De Saigon à Thanh-Pho Ho-Chi-Minh

Le 2 juillet 1976, afin d’honorer la mémoire de l’ex-président Hô Chi-Minh, l’Assemblée Nationale décida d’attribuer son nom à l’ancienne capitale du Sud-Viêt-nam, rattaché au Nord en 1975.
Toutefois, le néologisme de Thàn-phô Hô Chi-Minh (Ho Chi- Minh-Ville) n’a pas encore été adopté universellement par les Occidentaux, ni même par les Vietnamiens qui continuent souvent à nommer Saigon leur ancienne métropole méridionale.
Un peu d’histoire et la structure de la ville
Cette gigantesque cité de 4,5 millions d’habitants est de construction récente, car, sous sa forme actuelle, elle n’a guère plus d’un siècle. Aux débuts du XVlIe s., lorsque les colons vietnamiens occupèrent la région, elle faisait encore partie du territoire cambodgien. Le site de Saigon était alors sans doute un simple embarcadère protégé par un petit fort cambodgien où marins et négociants, essentiellement chinois, effectuaient des opérations commerciales. De cette simple escale de jonques et de sampans cabotant au long des côtes, quelques entrepreneurs firent un petit carrefour commerçant, creusant des chenaux pour améliorer la circulation fluviale et aménageant des débarcadères pour le fret.
Les Seigneurs de Huê commencent leur prise en main admi¬nistrative au début du XVIIIe siècle. Au cours de sa guerre de reconquête en 1790, le prince Nguyên Anh fît appel au Français Olivier de Puymanel pour édifier une citadelle sur le site de Gia Dinh. Elaborée selon les conceptions défensives de Vauban, cette place forte comptait huit portes percées dans les fortifications, d’où son nom: Thành Bat-quai (La Citadelle aux Huit Trigrammes).
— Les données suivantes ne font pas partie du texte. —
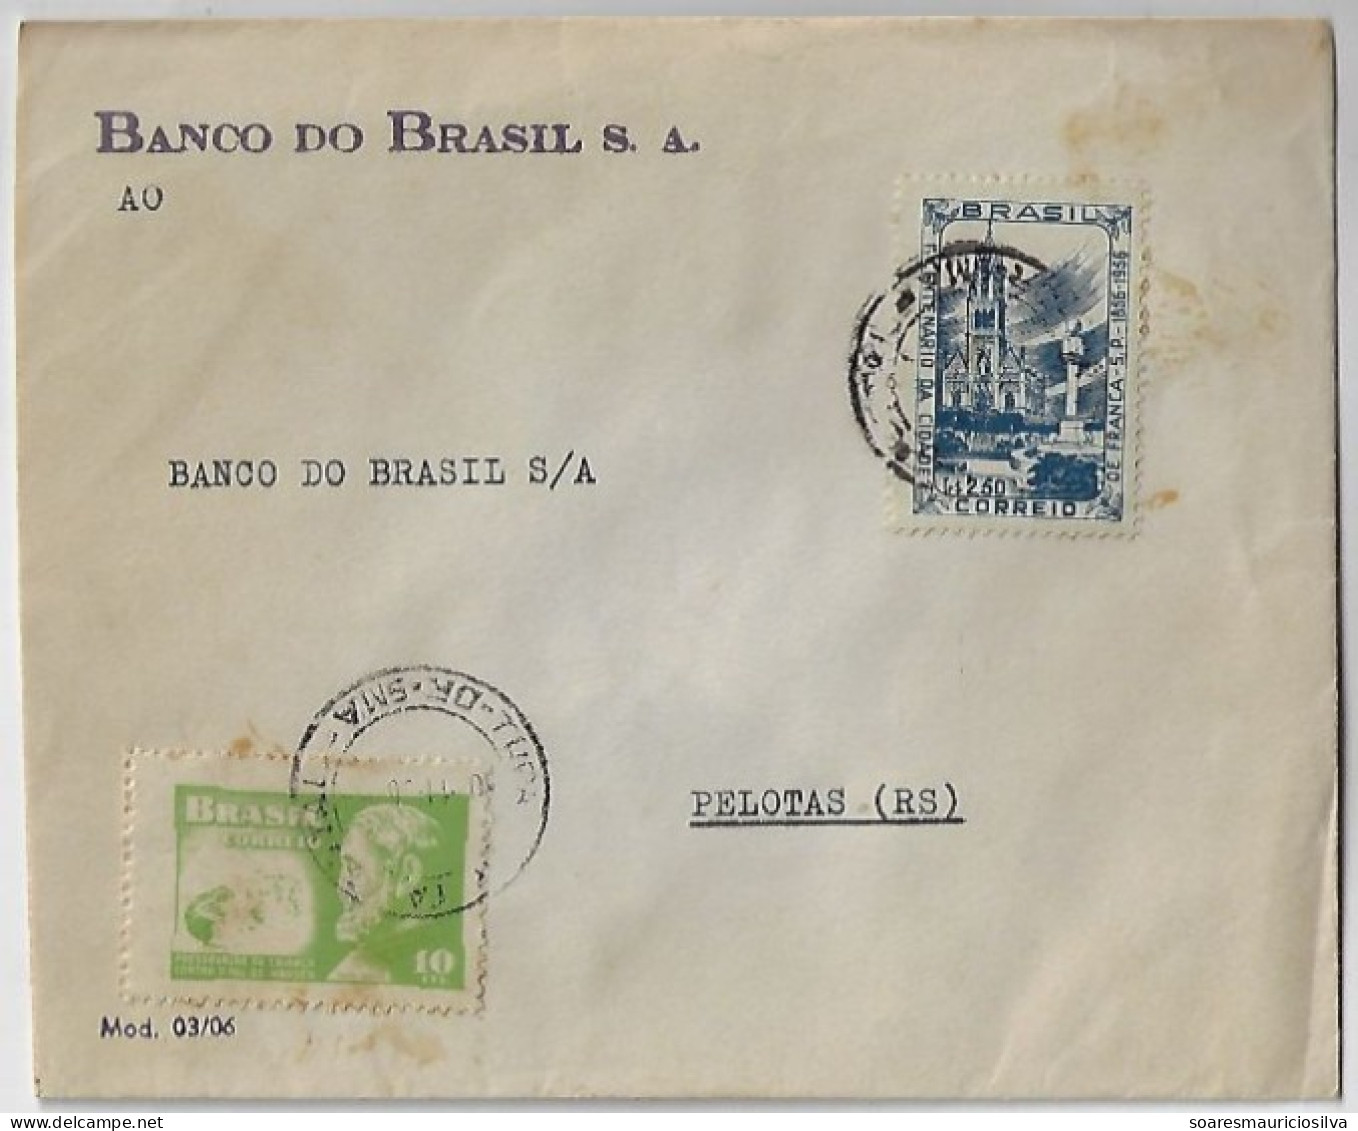 1956 Bank Of Brazil Cover Sent From Santa Maria Area To Pelotas Stamp Fanca City 1st Centenary + Hansen's Disease - Storia Postale

La ville cambodgienne de Prey Nokor
De l’état du site antérieurement au XVIIIe s., celui de la ville cambodgienne de Prey Nokor, on ne sait virtuellement rien. Il y a tout lieu de penser que le fort cambodgien devait se trouver quelque part sur le sommet de la petite butte, au croisement de l’ex-rue Chasseloup-Laubat et de la rue Blanchy, approximativement dans le quartier de la cathédrale actuelle.
Classiquement, les divers groupes ethniques qui composaient la population du lieu devaient se regrouper par quartiers spécialisés autour de la citadelle, probablement les Khmers au nord-ouest, du côté de la pagode Chantarangsey ; les Musulmans chams au nord- est, du côté des principales mosquées et au bord du fleuve où ils devaient amarrer leurs jonques et leurs maisons flottantes; les Indiens au sud-est, où l’on trouve le temple indien; les Chinois au sud-ouest, du côté de l’actuelle Cho-lon.
Le quartier cambodgien
Il faut signaler l’existence d’un quartier cambodgien, dans la partie nord de la ville (quartier n°3). Celui-ci s’articule autour de son monastère (Vat), si caractéristique, nommé Chantarangsey (pour le voir, il faut demander en vietnamien «Chùa Khmer»). Il est situé, me Nguyên Van Troi (ancienne me Eyriaud des Vergnes). Largement prolongée vers le nord-est, celle-ci conduit approximativement du quartier des jardins du bâtiment public, rebaptisé «Palais de la réunification», vers l’aérodrome de Tan Son Nhut.
Les quartiers musulmans
On remarquera, piquetées à travers la ville, d’assez nombreu¬ses mosquées, traduisant par le relais cham, la permanence de la composante «nousantarienne» : d’abord les Chams islamisés, les Malais et les descendants des Maures, comme les appelaient encore les premiers Européens.